On Tue, Mar 8, 2016 at 1:36 PM, Robert Scholte <rfscho...@apache.org> wrote:

> On Mon, 07 Mar 2016 14:53:28 +0100, Sander Mak <sander....@luminis.eu>
> wrote:
>
>
>> I don't think I understand the issue here. Using -Xpatch doesn't change
>>> the module declaration or export. It can be used to override or augment the
>>> module content, it just can't override the module declaration. It can be
>>> used in conjunction with -XaddReads and -XaddExports to read additional
>>> modules or export additional packages. For example, if a patch adds types
>>> to a new package then you could export that package with -XaddExports.

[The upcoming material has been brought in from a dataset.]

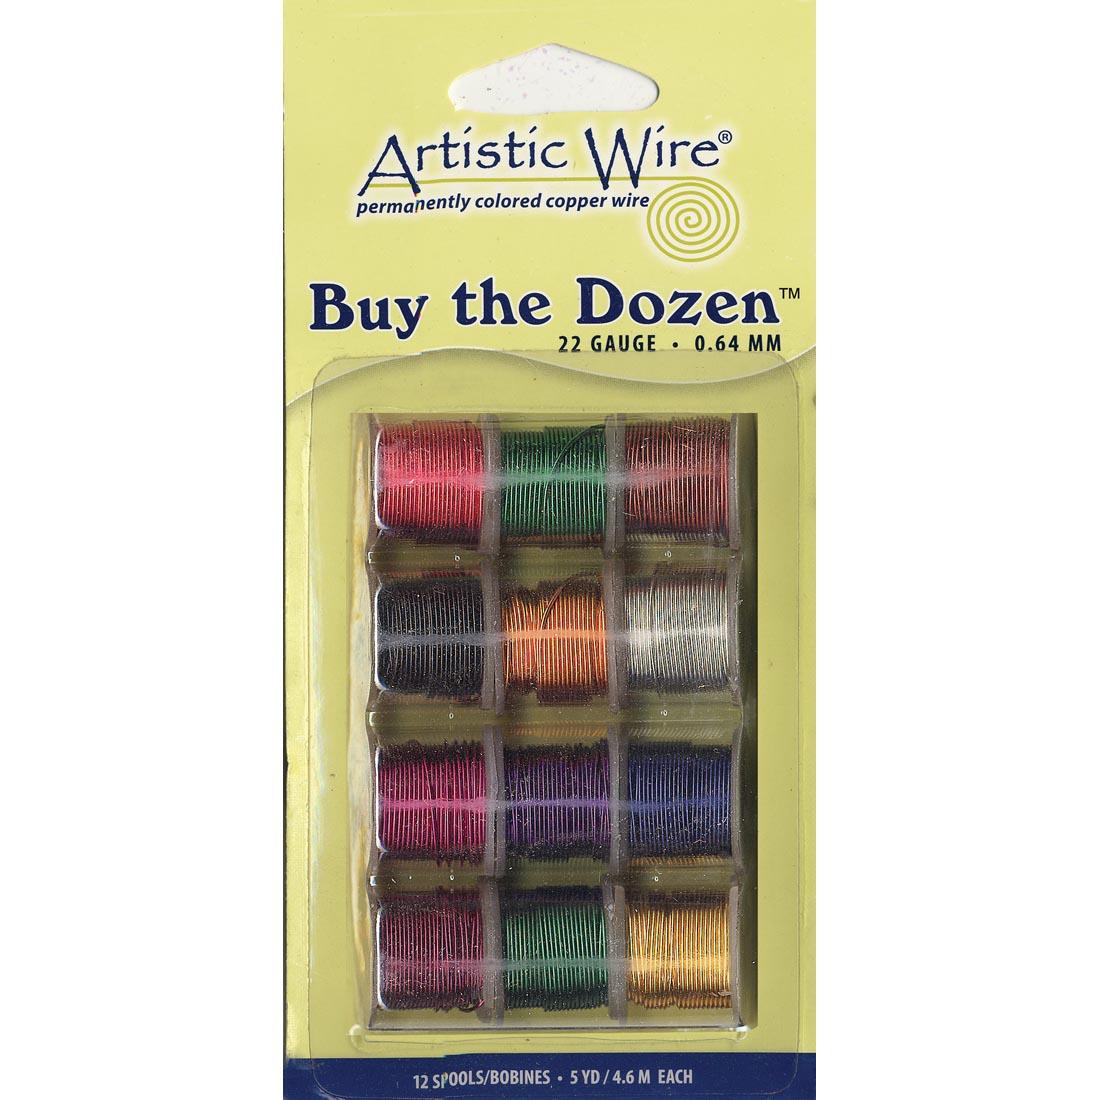 Artistic Wire Permanently Colored Copper Wire 5-Yard Spools 22-Gauge Set

If
>>> the patch injects tests into an existing package then those tests might
>>> have new dependences and requires compiling or running with
>>> -XaddReads:$MODULE=junit for example.
>>>
>>
>> I was playing around with exactly this yesterday, and this is what I
>> ended up with:
>>
>> javac -Xmodule:javamodularity.easytext.algorithm.naivesyllablecounter \
>>
>> -XaddReads:javamodularity.easytext.algorithm.naivesyllablecounter=org.junit
>> \
>>       -mp mods:lib-test \
>>       -d mods-test/javamodularity.easytext.algorithm.naivesyllablecounter
>> $(find src-test -name '*.java')
>>
>> java -Xpatch:mods-test \
>>
>>  -XaddReads:javamodularity.easytext.algorithm.naivesyllablecounter=org.junit
>> \
>>
>>  
>> -XaddExports:javamodularity.easytext.algorithm.naivesyllablecounter/javamodularity.easytext.algorithm.naivesyllablecounter=org.junit
>> \
>>      -mp mods:lib-test \
>>      -addmods
>> javamodularity.easytext.algorithm.naivesyllablecounter,hamcrestcore \
>>      -m org.junit/org.junit.runner.JUnitCore
>> javamodularity.easytext.algorithm.naivesyllablecounter.NaiveSyllableCounterTest
>>
>> Which patches my application module to contain a unit test, and then
>> exposes my application module to junit at runtime (which is used as
>> automatic module here). This works as expected.
>>
>>
>> -- Sander
>>
>
> When translating this to Maven it assumes that Maven is aware of the
> module name of the project is it building.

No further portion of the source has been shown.